> [DATA SEGMENT]
• • • • •
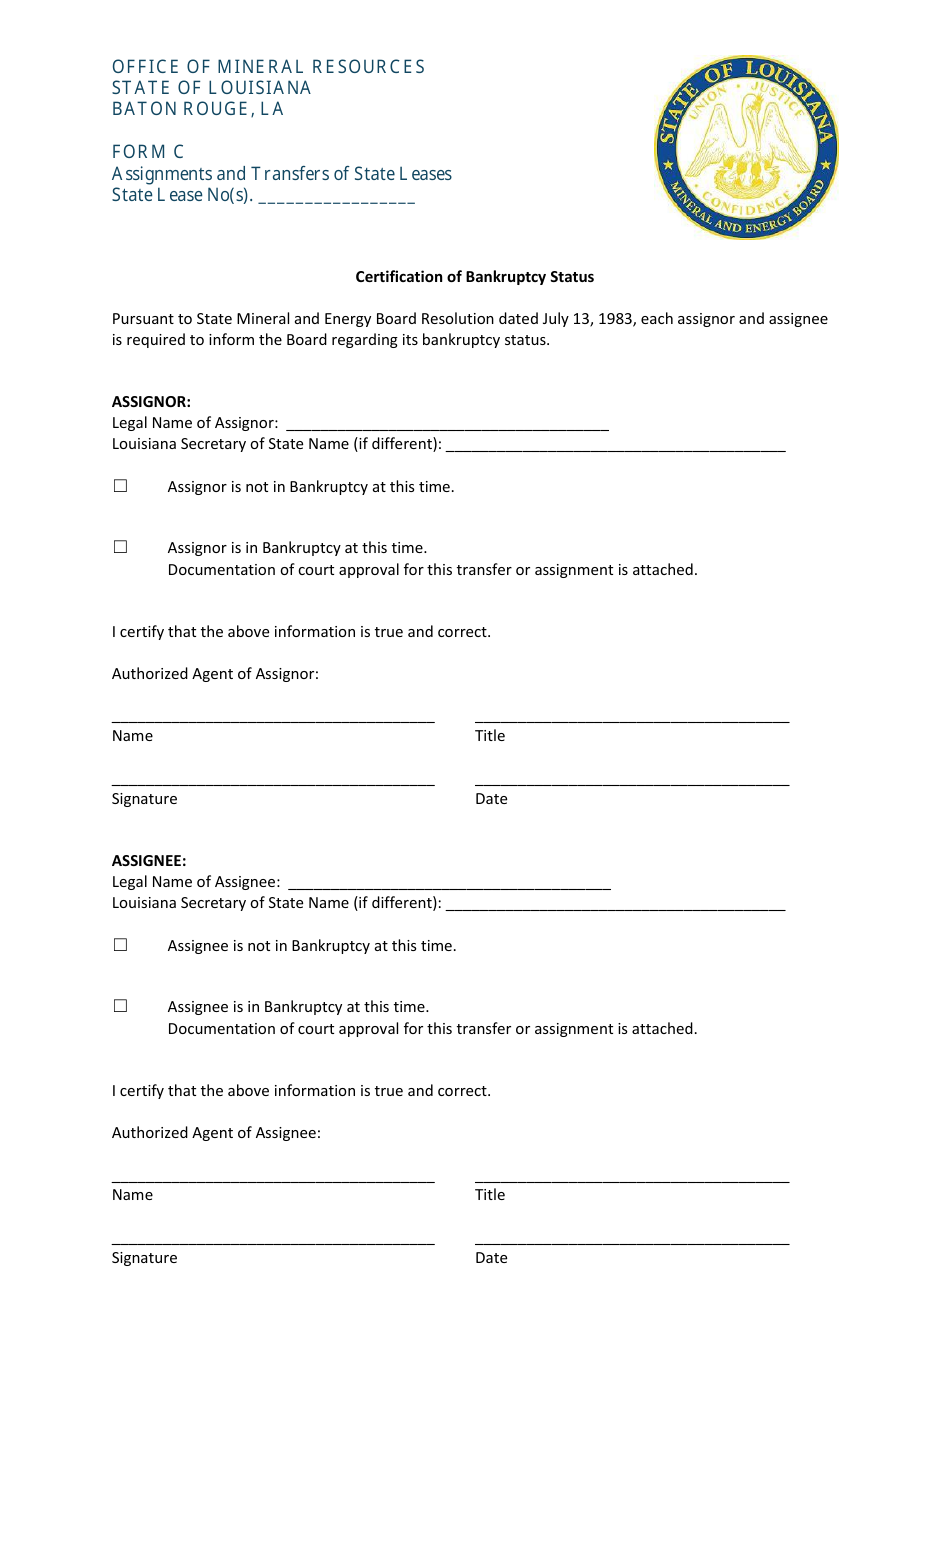 Form C Certification of Bankruptcy Status - Louisiana, Page 1
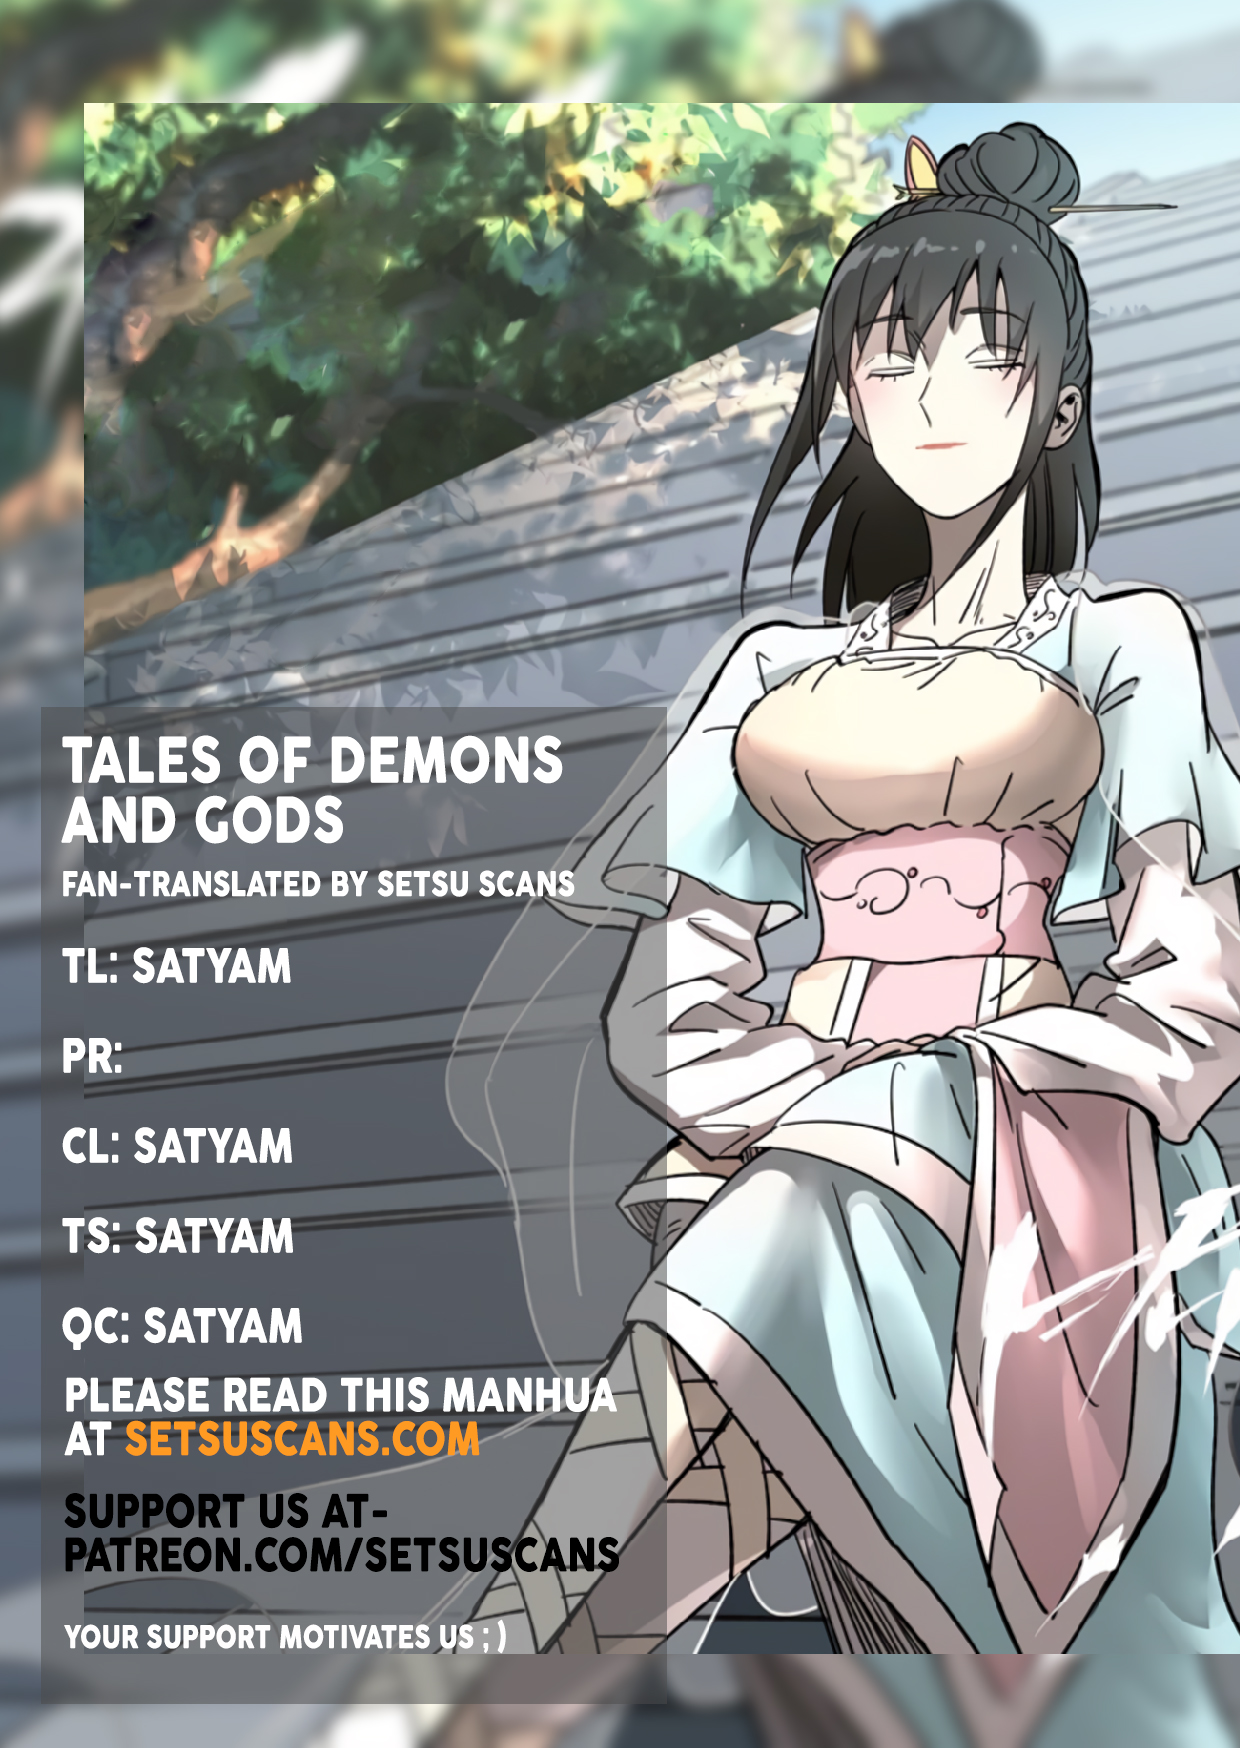 Tales of Demons and Gods - Chapter 30342 - Divine Soul Dao Art (1) - Image 1
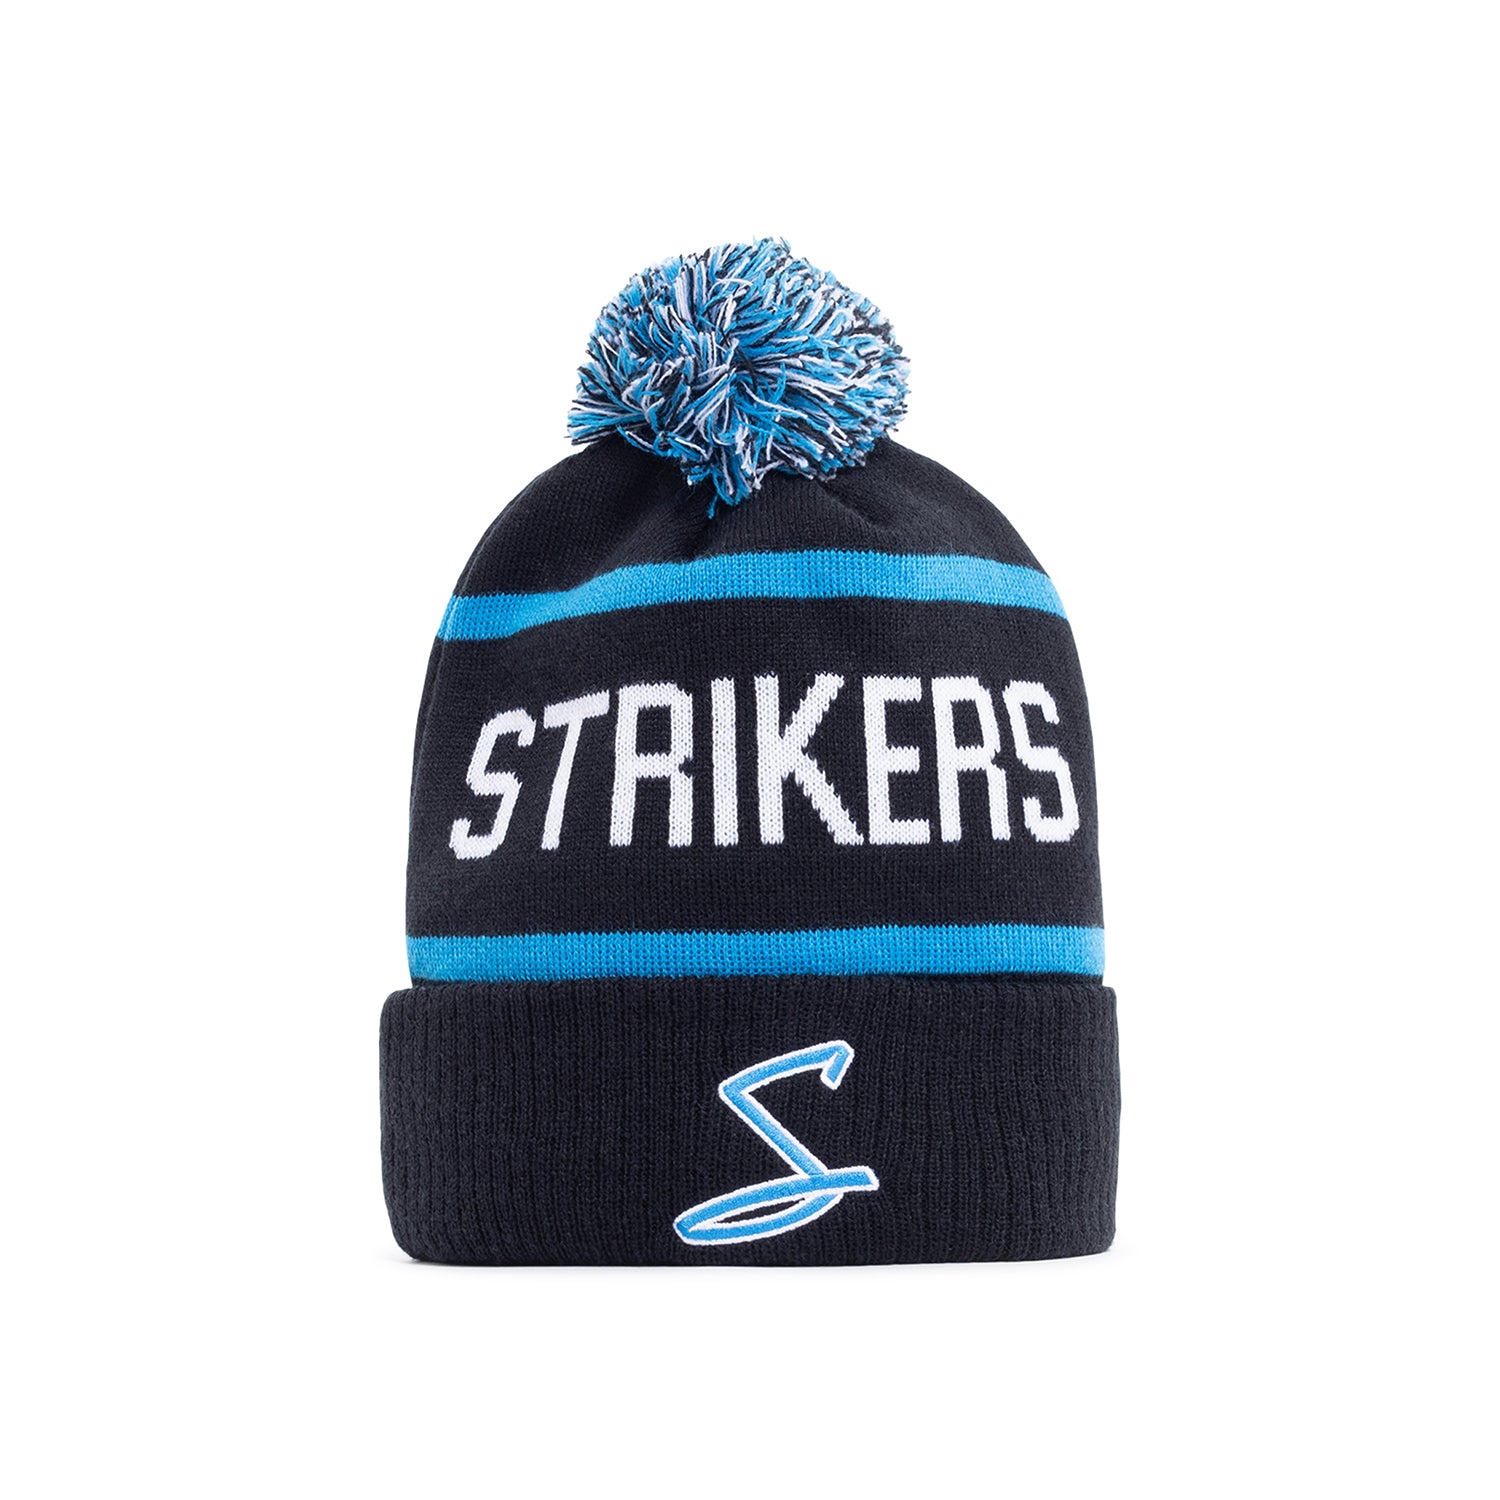 Adelaide Strikers Gear – The Official Cricket Shop
• • • • •
> [WHAT THE TASK REQUIRES] Please return only the lines running from the line with "Tales of Demons" to the final line of the data, both included, exactly and without any pictures.

> [SOLVED PROBLEM]
 Tales of Demons and Gods - Chapter 30342 - Divine Soul Dao Art (1) - Image 1
 Adelaide Strikers Gear – The Official Cricket Shop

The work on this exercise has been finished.